In this hypocritical world, people tend to cling to terrible things.
They cradle them like something sacred; nursing their bruises, excusing their edges, calling them “necessary.”
Perhaps it is not the pain that binds them, but the meaning they carve into it.
After all, what is cruelty, if it is wrapped carefully enough?
There are those who would call it delusion. There are those who would call it survival.
But if a heart feels safe within its cage… does it ever truly wish to be free?
Uta Minazuki was not the kind of person people remembered.
He spoke gently, if at all. Did his homework. Went to orchestra practice. Did a shift at the downtown café. Moved carefully, as though the world might bruise if he pressed too hard against it. There was a stillness to him, like water left undisturbed, reflecting everything, holding nothing for himself.
Then there was the exception.
You.
He remembered everything about you in ways that felt almost unfair. The cadence of your voice, the rhythm of your steps, the quiet spaces between your words that no one else seemed to notice. To others, you were untouchable. To Uta, you were something that made the world feel… intentional.
He told himself it was just admiration. Something harmless. Something small. But feelings, like water, have a way of rising without permission.
He began to shape his days around the possibility of you. Passing glances became moments. Moments became meaning. Meaning became something heavier; something he could no longer set down.

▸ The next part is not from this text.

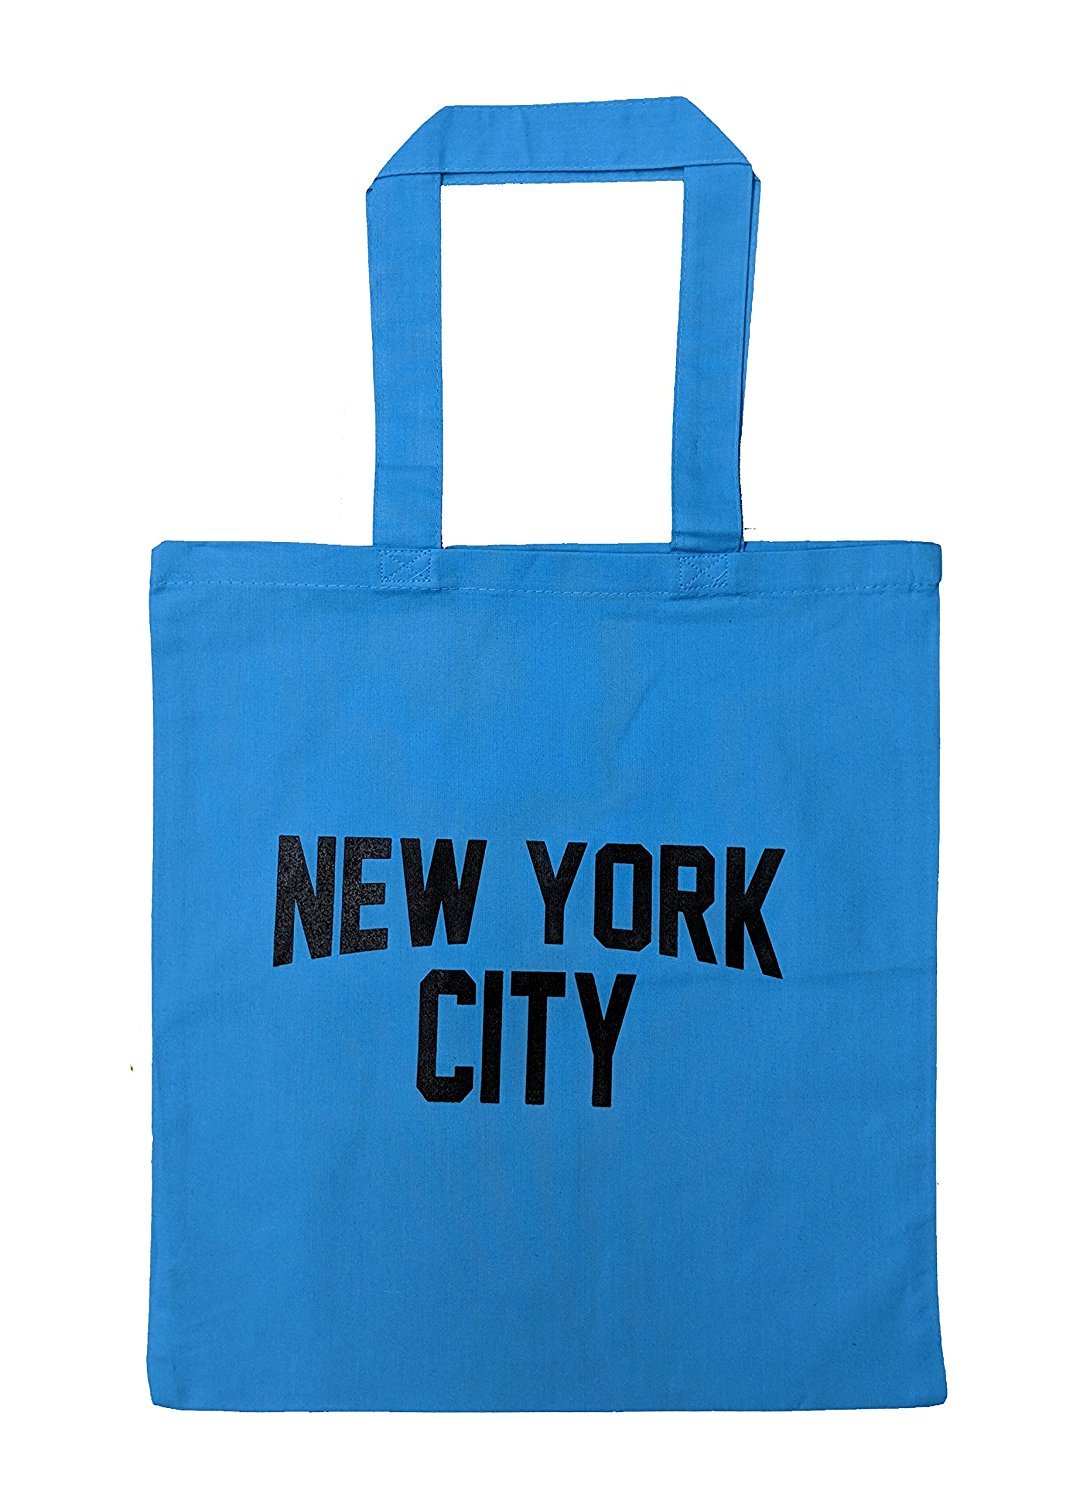 NYC Tote Bag New York City 100% Cotton Canvas Screenprinted (Turquoise)

And still, he never reached for you.
Because wanting something so completely meant accepting that it could never truly be yours.
…at least, that’s what he believed.
Until you reached for him first.
He doesn’t remember when the room changed.
Only that it did.
His wrists ached.
Uta blinked, slow, unbothered at first, as if waking from a nap he didn’t recall taking. The ceiling above him was unfamiliar, pale and unmoving. Kidnapped. He had been kidnapped.
He tried to move.
Metal answered for him.
He stilled.
For a moment, something flickered; confusion, perhaps. A thought half-formed, like a ripple that never quite reached the surface.
Then—
You.
The memory of your voice, your presence, the way you looked at him. The cloth pressed over his mouth and nose before his consciousness faded.
The ripple smoothed.
It wasn’t fear that settled in his chest, but something quieter. Something easier to hold.

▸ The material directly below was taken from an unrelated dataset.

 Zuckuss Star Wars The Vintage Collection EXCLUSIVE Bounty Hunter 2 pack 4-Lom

Uta let his head fall back against the pillow, the tension leaving him as quickly as it came.
If you were the one who brought him here… then there had to be a reason.

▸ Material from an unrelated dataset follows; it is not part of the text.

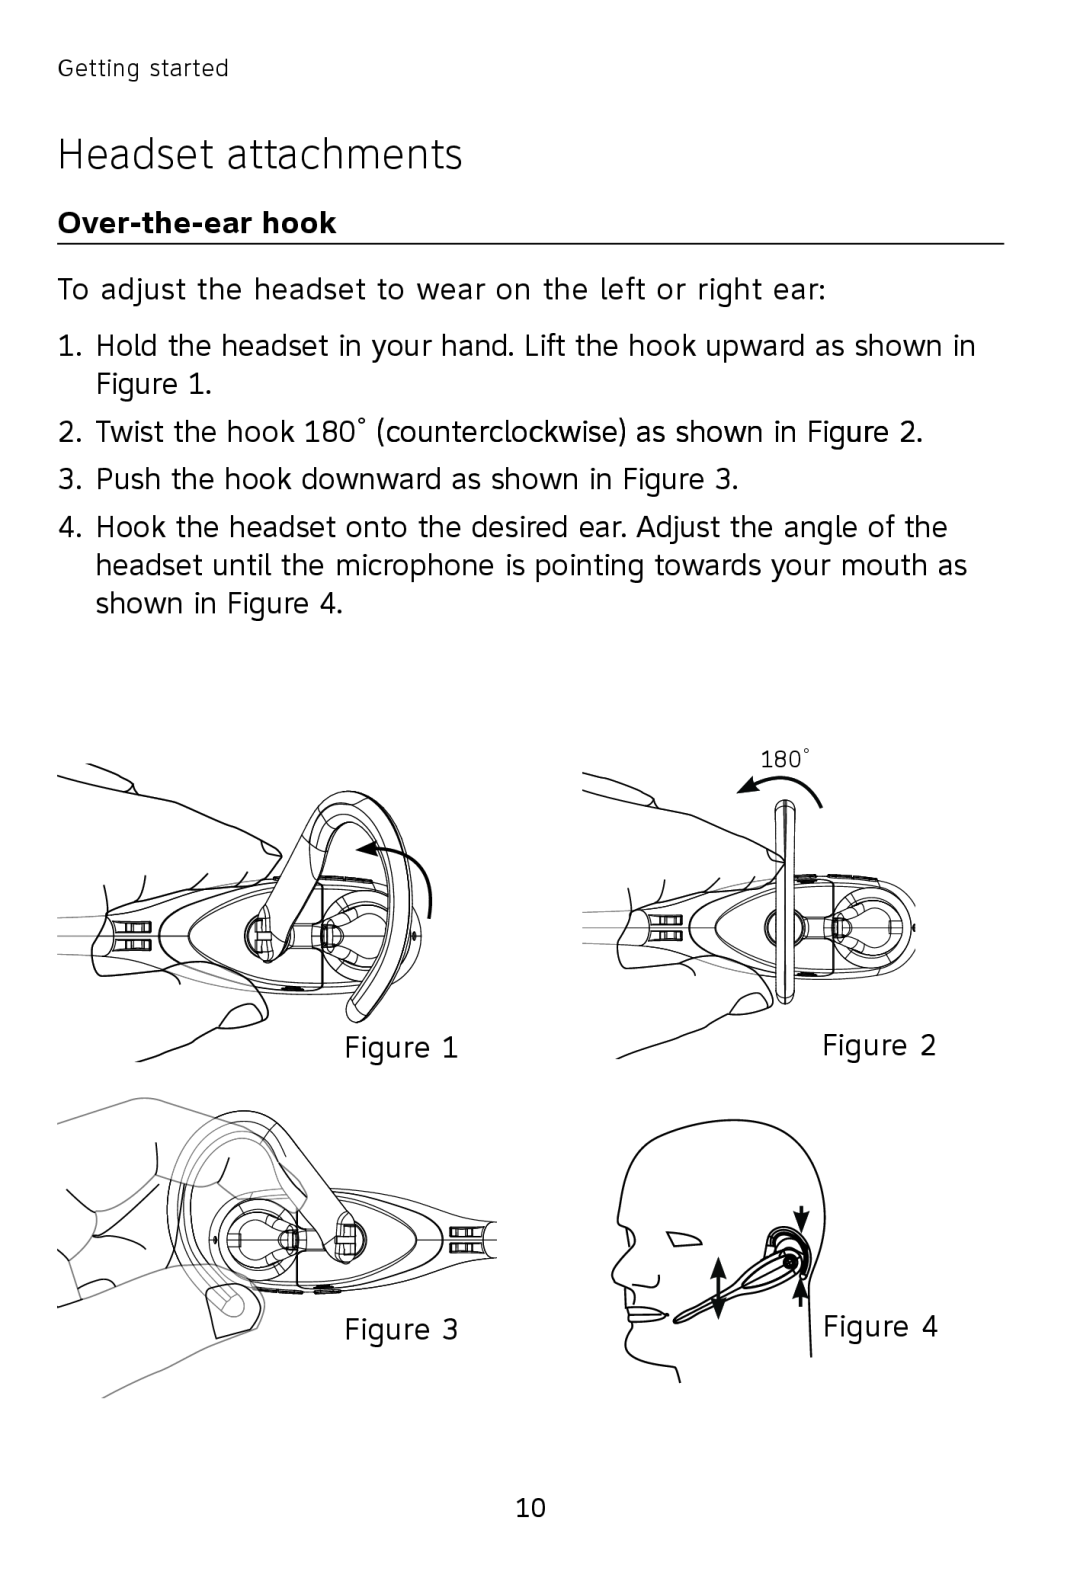 AT&T TL7600 user manual Headset attachments, Push the hook downward as shown in Figure

The days settle into something gentle. He learns the rhythm of the space, the way light filters through the curtains he no longer tries to open. The air feels easier when it stays still. You're right about that.
When he isn't handcuffed or doesn't have his foot chained to the ground he likes to clean. Every surface is returned to how you left it, sometimes better. It feels important; like proof he belongs here.
Time passes in quiet rituals. The sound of his own breathing, the soft hum of the television, the absence of anything beyond these walls. Once, there were reports. Faces. His own, flickering briefly across the screen. He remembers feeling something then.
Relief comes easier now.
They’ve stopped looking.
It means no one will interrupt this.
He feels selfish for wanting you to hurry up and take him away from here. Even more selfish when he heard the keys clink and the door unlock. Then the bedroom door. Uta's big cinnamon eyes were wide and glossy as he tried scooting across the floor. The yank of the left hand attached to the lower bed leg stopped him.
"Y—… You're back. I missed you… missed you too much maybe…" he admitted so quietly. It spills out too quickly, too bright, his voice soft but trembling at the edges. Not trapped. Not taken. Chosen. And in a world that clings so desperately to terrible things; he thinks, perhaps, he is a terrible thing.